TO answer these questions:

1.

Yes, cross-currency clearing is absolutely OK, as this is quite often normal business. Typical example is you have a vendor invoice in some funny foreign currency (say, HUF), and you transfer the money from your (physical) bank account which is kept in your local currency (say, GBP). Your bank will transfer in HUF, so your vendor in Hungary receives HUFs, but your bank statement will be in GBP. So you have to clear an invoice in HUF with a bank statement in GBP (regardless of the fact that the payment was really made in HUF).

2.

No, of course not. If the USD item is cleared, it should not be revaluated again. Easy o understand why: During the clearing (USD item is cleared with GBP item), realized FX differences were posted. Unlike (unrealized) FX revaluation, realized FX differences are not reversed on the next day, so if you revaluate (unrealized) your USD item again, you have a realized and an unrealized difference in your P/L statement for the very same item. Depending on the rates, one may be a loss and the other a gain, or any other combinations are applicable. This is certainly not correct.

3.

I do not undestand the process behind, so I cannot answer this reliable enough. But, from what I think to have understood from that, I think even if you would convert the GBP to USD (how???), it could happen that your converted USD amount is not the same as the original USD amount. Or, if your convert the (converted) USD amount back to GBP for your posting, it could happen that the GBP value of the original USD item and the (back-converted) GBP value of the second (originally GBP) item are different. So you may experince realized FX differences again, and then, my answer re point 2 above would apply again. - I may not have understood the process, so if you want to stop me speaking foolish pls. elaborate what exactly is happening here )

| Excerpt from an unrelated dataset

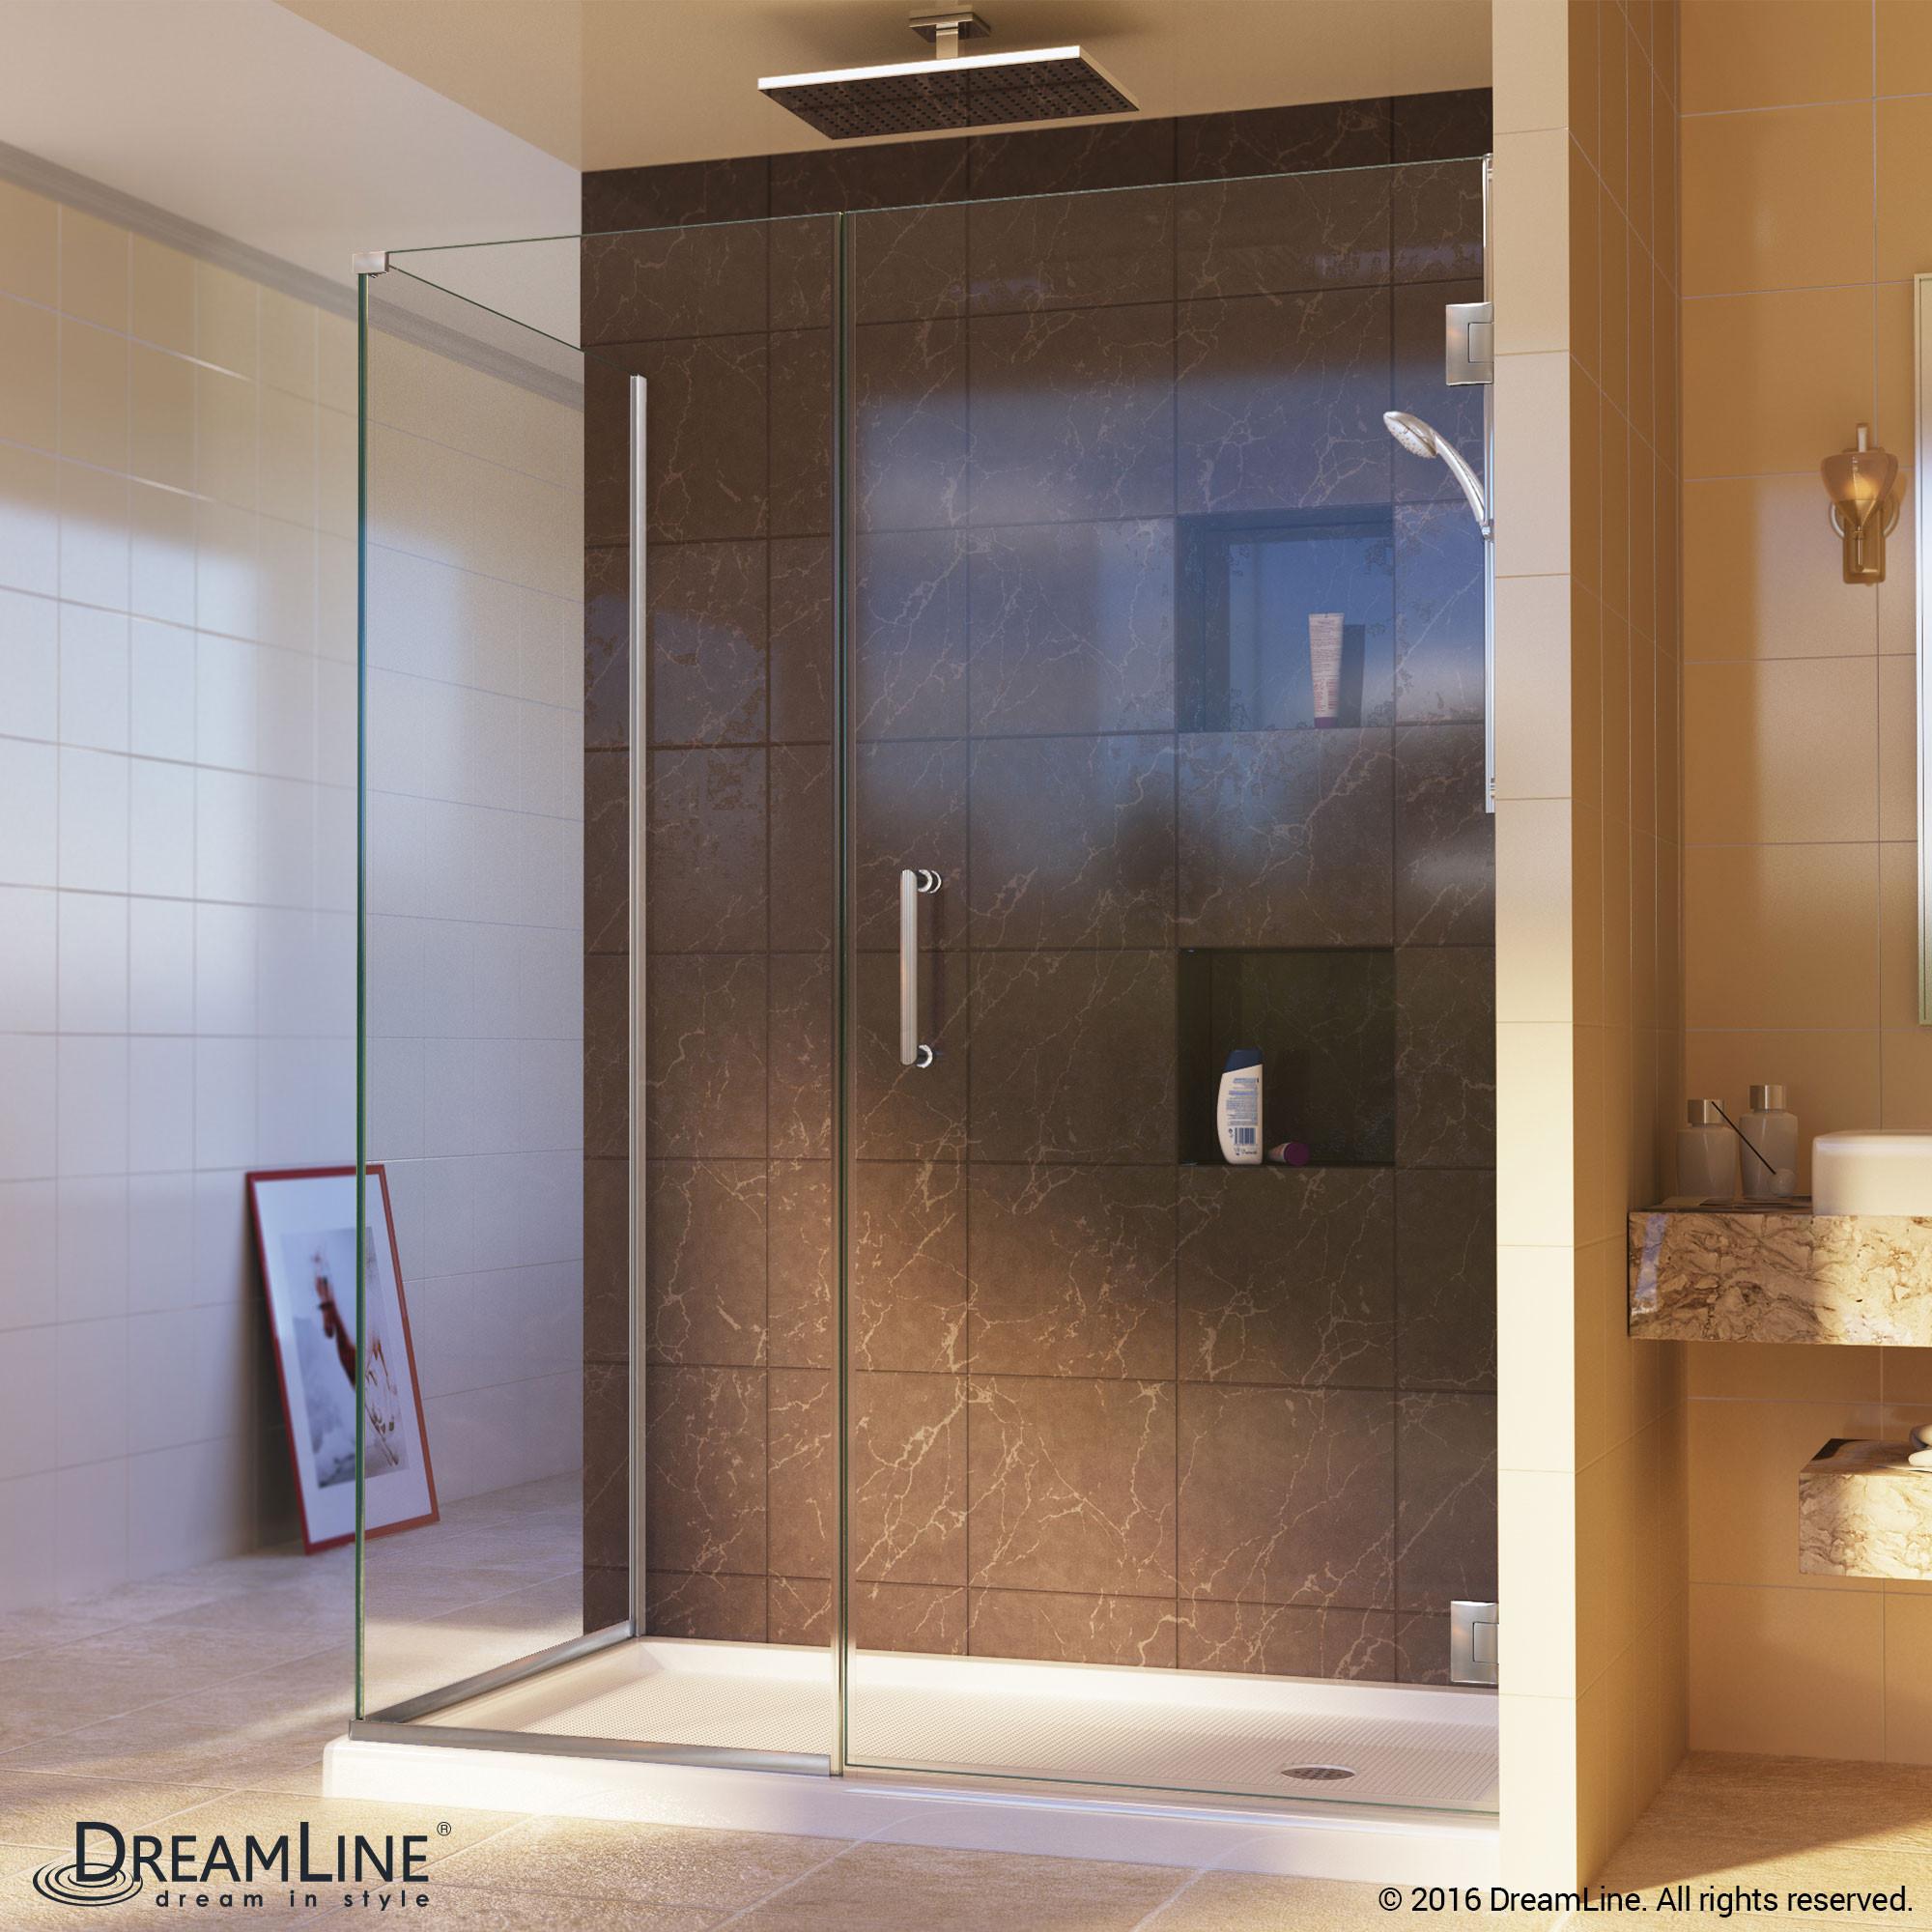 DreamLine SHEN-24595340-04 Unidoor Plus Hinged Shower Enclosure In Brushed Nickel Finish Hardware

Hope that helps points welcome

Csaba

Former Member
0 Kudos

Casba,

Thank you again for your informative responses.

Reading your answers it seems to me that the only solution lies in flagging the open items in the special ledger in some way. FYI I have found out why we revalue in SL, and it is because we require the reporting attributes for the balance sheet FX adjustment posting (these are not included in the standard revaluation program apparently), and these are only available in SL.

You mentioned in the answer to the previous post that it was possible to check if the item was cleared by going back to GL and checking if it is open before revaluing in SL. I take it you would do this by looking whether the item was in BSAS or not?

In regards to your answer on point 3, I was questioning whether you could reverse and re-post the GBP entry in USD prior to clearing (i.e. so you wouldn't have had a realised gain yet). This would only be if you had the USD equivalent information available.

With regard to cross currency posting, is it acceptable to post an item in GBP and clear against a USD entry if you know what the USD equivalent value should be? Wouldn't good accounting practice say you should post and clear in the same currency or is there no actual requirement to do this?

Any further points on this would be welcome

Thanks

John

former_member581986
Active Participant
0 Kudos

Hi John,

perhaps you know that for exactly this purpose (splitting unrealized FX postings based on FI-SL characeristics), SAP has a built-in feauture in SAPF100. This is pushbutton "SL Extra" on the GL balances tab of SAPF100s selection screen. Pls. check out the field documentation F1-help below and consult OSS note 949971 which is describing your options quite comprehensive.

<i>Read Balances from Special Purpose Ledger

Setting this indicator means that the transaction figures from a special

purpose ledger are used and not the transaction figures from the general

ledger.

Use

You can therefore specifically valuate additional dimensions such as the

functional area or profit center within an account.

The expense/revenue is determined in accordance with the additional

dimensions of the ledger. A profit/loss therefore arises per functional

area, for example.

During posting the data from the additional dimensions is entered in

batch input fields.

</i>

=====

Unfortunately, you cannot flag the open items in FI-SL. This is because a particular line item is transferred ONCE to FI-SL. Any changes made to the line item later in FI, say, changing the Text field or just clear the item are NOT transferred to FI-SL again, so the active connection is lost, only the references are there, but no any updates take place.

So in case you want to consider if the item was cleared meanwhile, you have no chance to decide it based on the FI-SL information as that will be unchanged since the line item was transferred to FI-SL. How to check if the item is cleared can be done via checking BSAS or you can also check directly in BSEG. (fields AUGDT, AUGBL are initial? Then it is still open). Lucky enough, if you have read the FI-SL line item, you can find the BSAS (or BSEG) record quite straightforward. It would not make your report quicker, but it could be much worse. All database selections can be assessed using primary keys so a selection is as performant as possible.

===

Hm, reversing and reposting an entry just because of this seems to be an extremely basic solution to me. What is the relation between the GBP values of the original (USD) item and the new (GBP) item? Which way the new GBP items are posted? Is it an interface? Is it some standard or custom report within SAP? Is it a manual journal entry? As mentioned above, cross-currency clearings are not at all an issue form an accounting point of view - of course it would be ideal if the currencies would be the same but no one can be blamed if they are not. (One should know the process behind to judge it, however).